# I need a gunsmith near Winder



## bravozulu1469 (Jan 9, 2011)

I have my grandfathers aka my fathers aka my (in due time) Savage model 99a .308 lever action that blew part of the barell out and need it to be welded back for preservation. Any suggestion's


----------



## Nitro (Jan 10, 2011)

Good luck with that project. 

Replacement barrels for Savage 99s are impossible to find.


----------



## 1devildog (Jan 10, 2011)

Post some pics of what you are wanting done! Also to add, this repair would only make the rifle a wall hanger, NOT SAFE TO SHOOT!!!! you would need to find another barrel and have the rest of the rifle checked out befor it could EVER be shot agan.


----------



## bravozulu1469 (Jan 13, 2011)

It would be just a decor piece. The rifle is all one piece, so unlike other's that you can just put another barrel on, the entire reciever, lever and barrel are just a big piece of metal. I hate that about the gun, but it is the way Savage made them. 
Ill get some pics up soon


----------



## Twenty five ought six (Jan 13, 2011)

Your call, but the barrels on Savages come off just like every other rifle.

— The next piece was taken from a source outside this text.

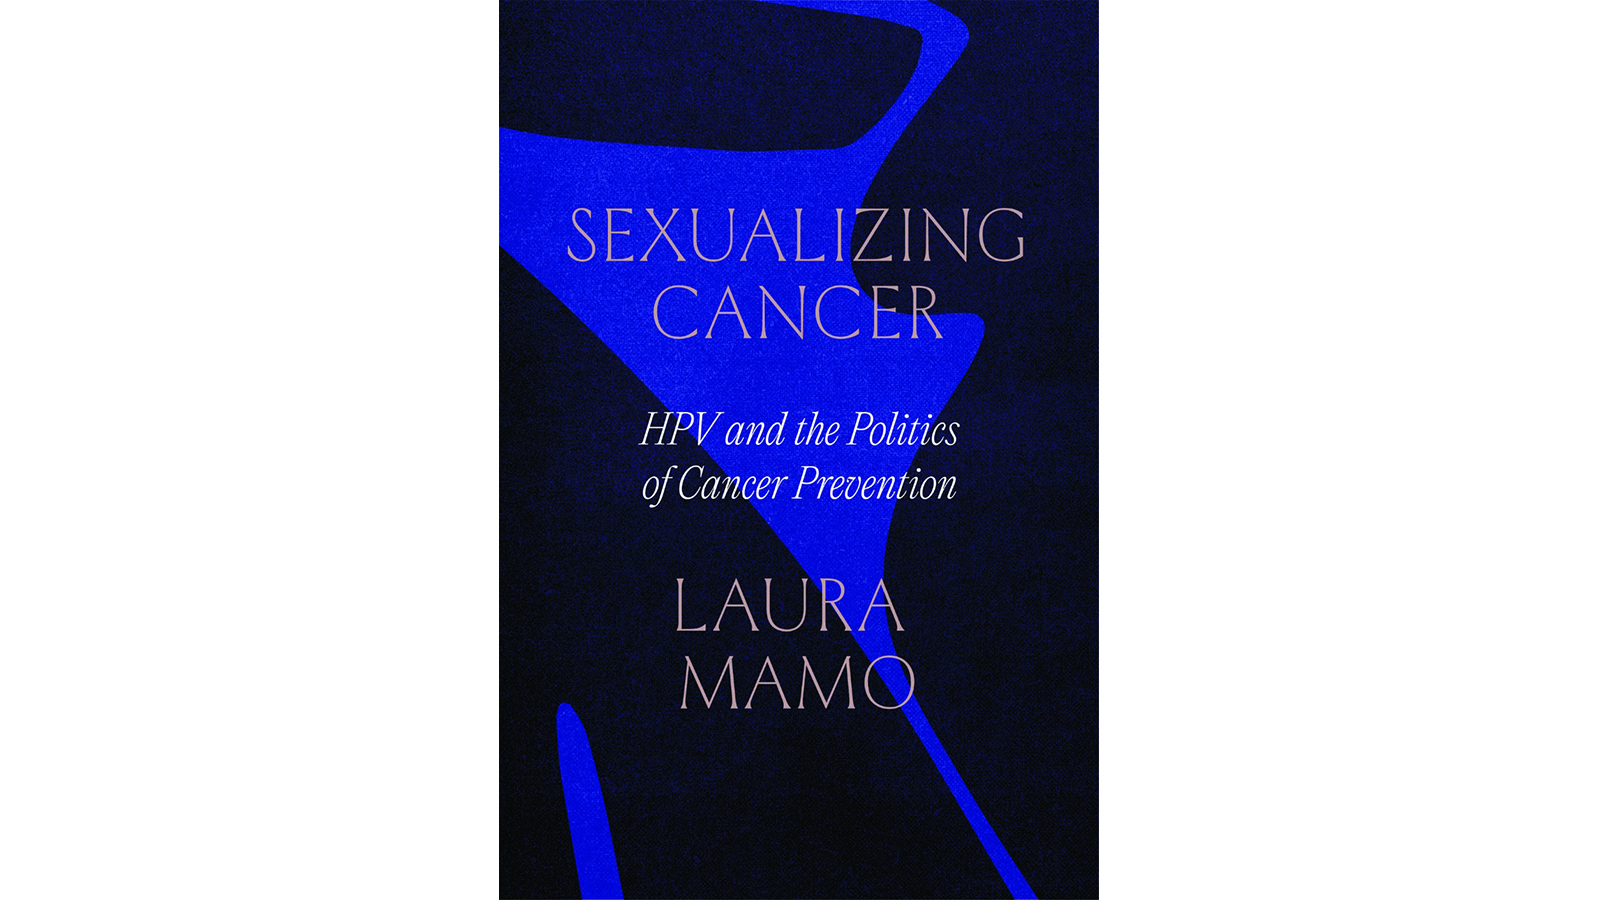 The cover of Laura Mamo's book, Sexualizing Cancer: HPV and the Politics of Cancer Prevention. The cover is royal blue with abstract black shapes around the edges.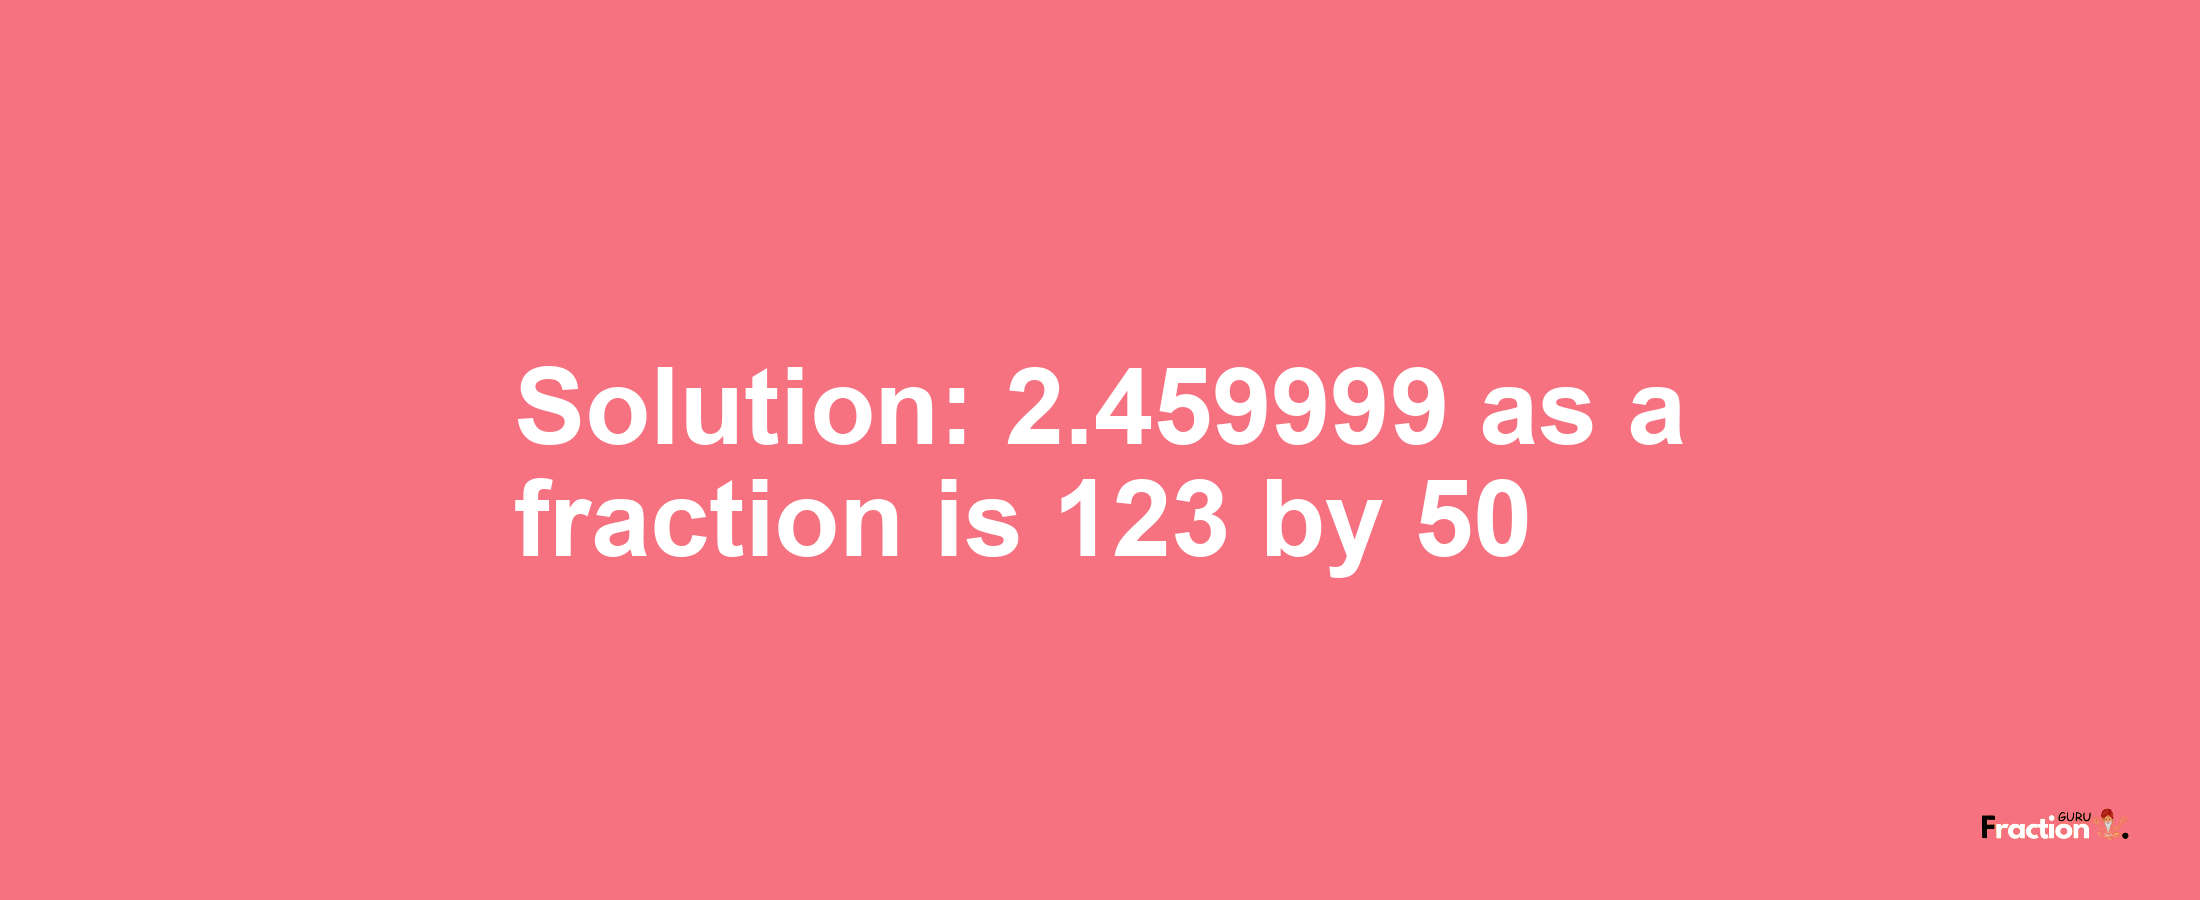 Solution:2.459999 as a fraction is 123/50

Finding one will be an issue.


----------



## Gunplumber Mike (Jan 13, 2011)

I can think of several shops that would be glad to turn you a new barrell if you seriously want to put it back in service.  Or I'd be glad to purchase the carcass.


----------



## bravozulu1469 (Jan 13, 2011)

Twenty five ought six said:


> Your call, but the barrels on Savages come off just like every other rifle.
> 
> Finding one will be an issue.



Really ? I will look again, but the last time I pulled it out of the closet a year or two ago, it looked as though the entire barrell and reciever was one piece. It is a lever action, but Ill look again, but Savage cannot help since this was made before their "restructuring". I appreciate it


----------



## Antmunch (Jan 14, 2011)

I would check with Tom at the Shooter's Den. He is in Watkinsville. I have not had any long gun work done there, but by looking at his shop that is his primary work. His number is 706-310-1234.


----------



## WGSNewnan (Jan 15, 2011)

if you are gonna weld up the barrel - make sure you also have them plug the breach. you certainly dont want someone in the future trying to shoot the weapon.


----------



## Cottontail (Jan 15, 2011)

Thers a guy( Gunsmith) on Hancock Bridge Rd in Winder Ga . You may be able to get his name from Bigbarrow on here he makes custom guns and does great work just dont advertise.


----------



## hoochfisher (Jan 15, 2011)

> Anyone around the Walton County area. Colley Jackson is located between Social Circle and Hard Labor Creek State Park on Knox Chapel Rd. He's as good as they come !!!!!
> 
> 770-464-3805
> 770-464-4237




Very nice gentleman. Very nice work. Fast too! He got me fixed up in about 10 minutes. On Christmas eve no less!


----------